What the task asks
Here are some records; return them all exactly.

Saved entries
§ §

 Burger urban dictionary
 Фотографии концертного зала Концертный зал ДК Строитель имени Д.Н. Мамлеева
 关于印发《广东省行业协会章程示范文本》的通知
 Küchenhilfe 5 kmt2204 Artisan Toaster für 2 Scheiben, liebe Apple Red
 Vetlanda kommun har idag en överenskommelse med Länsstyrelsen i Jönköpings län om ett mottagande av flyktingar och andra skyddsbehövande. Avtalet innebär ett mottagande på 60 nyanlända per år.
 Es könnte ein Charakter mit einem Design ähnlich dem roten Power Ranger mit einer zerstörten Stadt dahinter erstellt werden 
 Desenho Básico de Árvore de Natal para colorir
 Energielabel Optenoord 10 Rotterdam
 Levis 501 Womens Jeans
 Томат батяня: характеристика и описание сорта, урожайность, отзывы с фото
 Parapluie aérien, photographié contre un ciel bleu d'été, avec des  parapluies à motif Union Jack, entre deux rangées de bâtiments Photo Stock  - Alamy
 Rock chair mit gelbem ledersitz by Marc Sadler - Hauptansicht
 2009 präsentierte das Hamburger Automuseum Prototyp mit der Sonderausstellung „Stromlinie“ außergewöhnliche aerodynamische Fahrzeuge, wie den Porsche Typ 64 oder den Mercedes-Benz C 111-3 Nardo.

§ §

Solution to the problem
 Burger urban dictionary
 Фотографии концертного зала Концертный зал ДК Строитель имени Д.Н. Мамлеева
 关于印发《广东省行业协会章程示范文本》的通知
 Küchenhilfe 5 kmt2204 Artisan Toaster für 2 Scheiben, liebe Apple Red
 Vetlanda kommun har idag en överenskommelse med Länsstyrelsen i Jönköpings län om ett mottagande av flyktingar och andra skyddsbehövande. Avtalet innebär ett mottagande på 60 nyanlända per år.
 Es könnte ein Charakter mit einem Design ähnlich dem roten Power Ranger mit einer zerstörten Stadt dahinter erstellt werden 
 Desenho Básico de Árvore de Natal para colorir
 Energielabel Optenoord 10 Rotterdam
 Levis 501 Womens Jeans
 Томат батяня: характеристика и описание сорта, урожайность, отзывы с фото
 Parapluie aérien, photographié contre un ciel bleu d'été, avec des  parapluies à motif Union Jack, entre deux rangées de bâtiments Photo Stock  - Alamy
 Rock chair mit gelbem ledersitz by Marc Sadler - Hauptansicht
 2009 präsentierte das Hamburger Automuseum Prototyp mit der Sonderausstellung „Stromlinie“ außergewöhnliche aerodynamische Fahrzeuge, wie den Porsche Typ 64 oder den Mercedes-Benz C 111-3 Nardo.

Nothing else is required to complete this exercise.